Le nouveau magnat des médias en faillite ne supporte pas ceux qui n’utilisent pas l’IA
S’inspirant de la façon qu’avaient eu Bernard Tapie, Vincent Bolloré et Bernard Arnault de bâtir leurs empires financiers, un entrepreneur et influenceur français rachète des entreprises « en redressement judiciaire, sans reprendre la moindre dette ». Ses cibles : des médias, qu’il fait carburer à l’IA.
Un entrepreneur français de 34 ans, ancien avocat, a racheté en quelques mois trois titres de presse économique en difficulté financière : Le Revenu, Le Nouvel Économiste et IT FACTO, un groupe éditant une dizaine de médias spécialisés dans la tech comme Le Monde Informatique, CIO et Distributique. Son entreprise, nommée Overlord Media, vise à créer un conglomérat de médias en France, avec un objectif de chiffre d’affaires compris entre 5 et 50 millions d’euros en cinq ans, avant une éventuelle introduction en bourse. Inspiré par des figures comme Bernard Tapie ou Bernard Arnault, il mise sur une stratégie de rachat d’entreprises en redressement judiciaire sans reprendre leurs dettes. Son ambition est de positionner ses médias comme des références francophones sur les technologies, l’intelligence artificielle et la transformation numérique des entreprises.
L’entrepreneur, Gaspard de Monclin, fait de l’intelligence artificielle (IA) un pilier central de son modèle économique. Il affirme que « les médias, c’est le meilleur endroit où mettre de l’IA » et que ceux qui ne l’utilisent pas devraient être « virés » car ils ralentissent l’équipe. Overlord Media se présente comme une boîte tech employant autant d’ingénieurs que de journalistes, avec une approche où l’IA est utilisée pour générer du contenu, automatiser des tâches ou interagir avec les audiences. Par exemple, des vidéos promotionnelles sont réalisées avec l’aide de l’IA, et des interactions sur les réseaux sociaux sont simulées par des outils automatisés. L’objectif est d’optimiser les coûts et d’accélérer la production de contenu.
Gaspard de Monclin adopte une stratégie de communication proche de celle des influenceurs plutôt que des journalistes traditionnels. Sur des plateformes comme LinkedIn, Instagram et YouTube, il apparaît systématiquement en personne au-dessus de ses éditoriaux et vidéos, souvent générés avec l’aide de l’IA. Ses publications se terminent par des appels à suivre ses comptes ou à investir dans ses levées de fonds, parfois en partenariat avec les médias qu’il possède. Par exemple, une vidéo parodie une conférence de presse sportive pour promouvoir ses acquisitions, en utilisant un ton sensationnaliste et des métaphores comme un « mercato » (terme sportif désignant la période d’échanges de joueurs) pour décrire ses rachats de médias. Ces vidéos ne précisent pas toujours que les questions sont posées par une IA ou que les réponses proviennent des équipes marketing d’Overlord.
Le modèle économique d’Overlord Media repose sur plusieurs leviers controversés. D’une part, l’entreprise ouvre son capital à des investisseurs particuliers via des levées de fonds, leur permettant de participer financièrement à ses acquisitions et à sa croissance. D’autre part, elle utilise des contenus générés ou assistés par l’IA pour réduire les coûts de production et maximiser l’engagement sur les réseaux sociaux. Enfin, ses médias servent de relais pour promouvoir ses propres investissements et levées de fonds, brouillant la frontière entre information et publicité. Cette approche rappelle celle de grands groupes médiatiques comme ceux de Vincent Bolloré ou Bernard Arnault, où les médias sont à la fois des outils d’influence et des actifs financiers.
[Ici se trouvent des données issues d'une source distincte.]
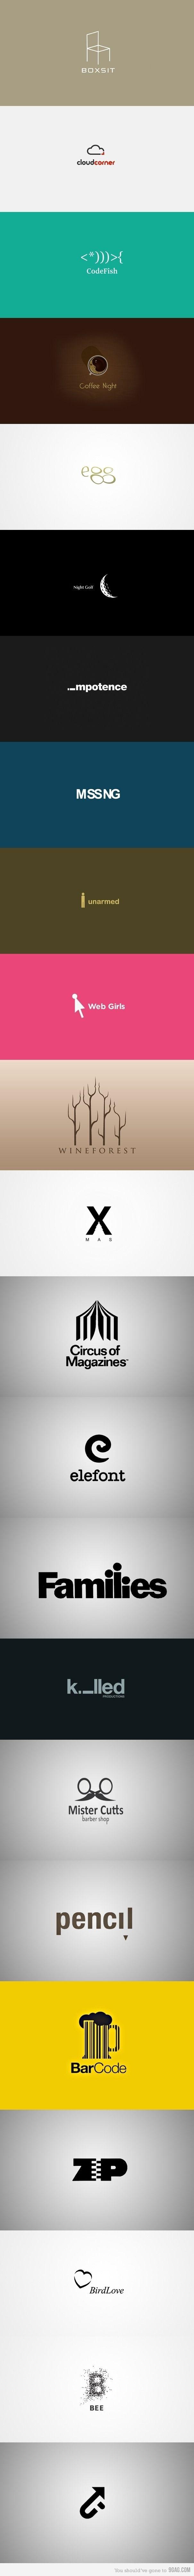 Cassandra cappello graphic design toronto - 104 Best Images About Logo Design On Pinterest Logo Branding Branding Design And Typography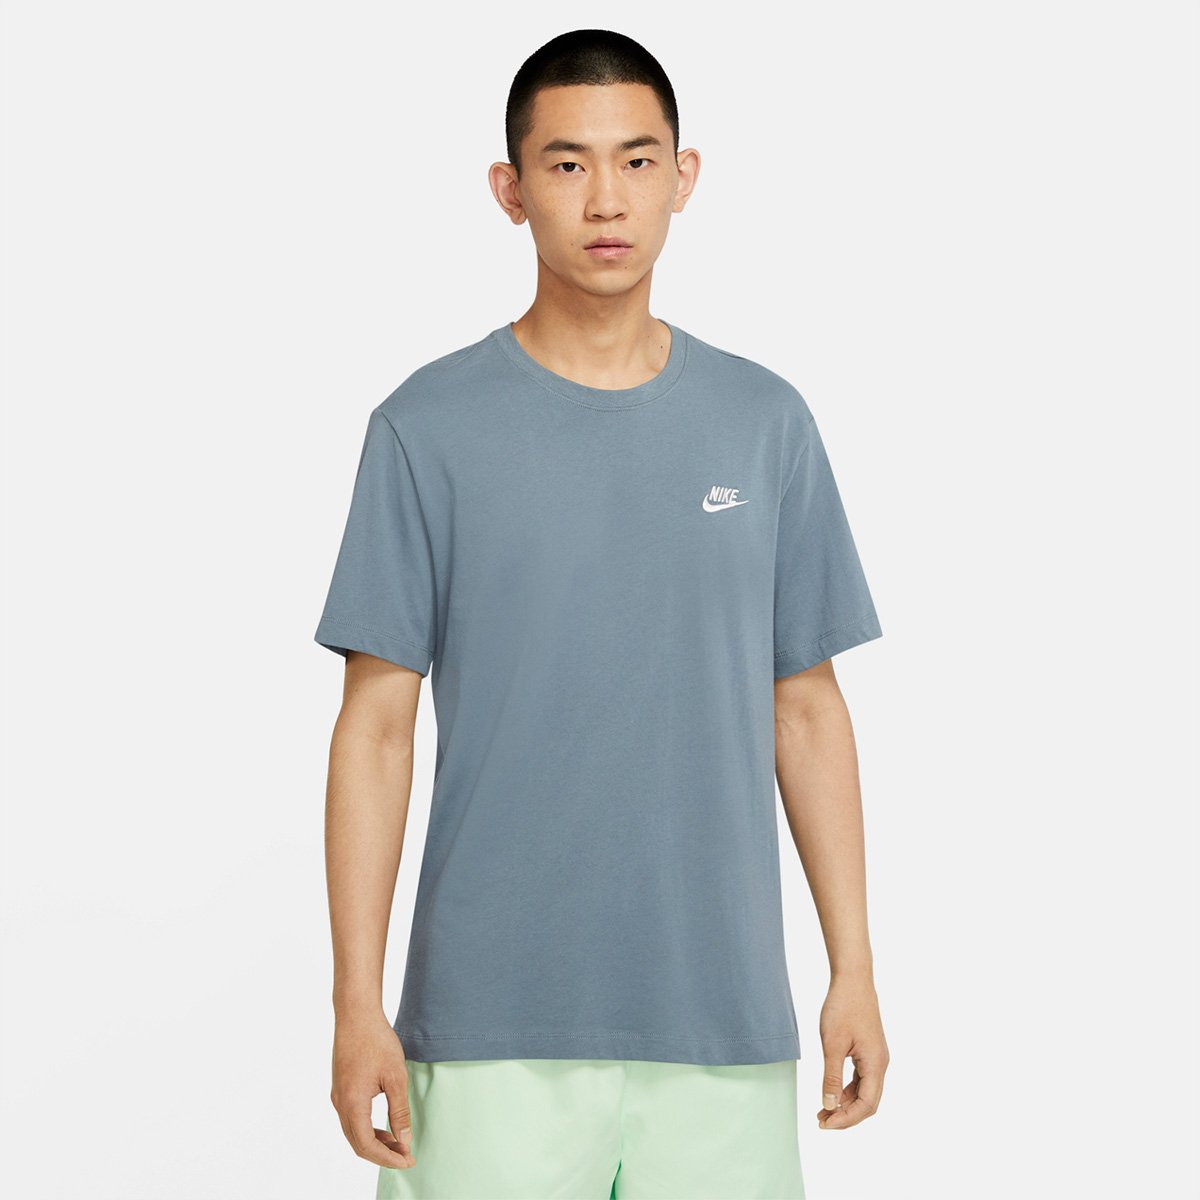 curva Flojamente Estar confundido  Camiseta Nike Sportswear Club Masculina - Azul e Branco | Zattini

La stratégie d’Overlord Media suscite des réactions variées. Certains commentateurs soulignent l’aspect épuisant ou artificiel de cette approche, tandis que d’autres s’interrogent sur l’authenticité de Gaspard de Monclin, allant jusqu’à se demander s’il s’agit d’une personne réelle ou d’une entité générée par l’IA. Des internautes proposent même des solutions techniques, comme des extensions de navigateur (*NoGenAI*) pour bloquer les contenus générés par l’IA. Enfin, des critiques pointent le manque de transparence sur les méthodes de production de contenu et la confusion entre information et promotion commerciale, notamment lorsque des médias appartenant à Overlord relaient des appels à investir dans ses propres projets.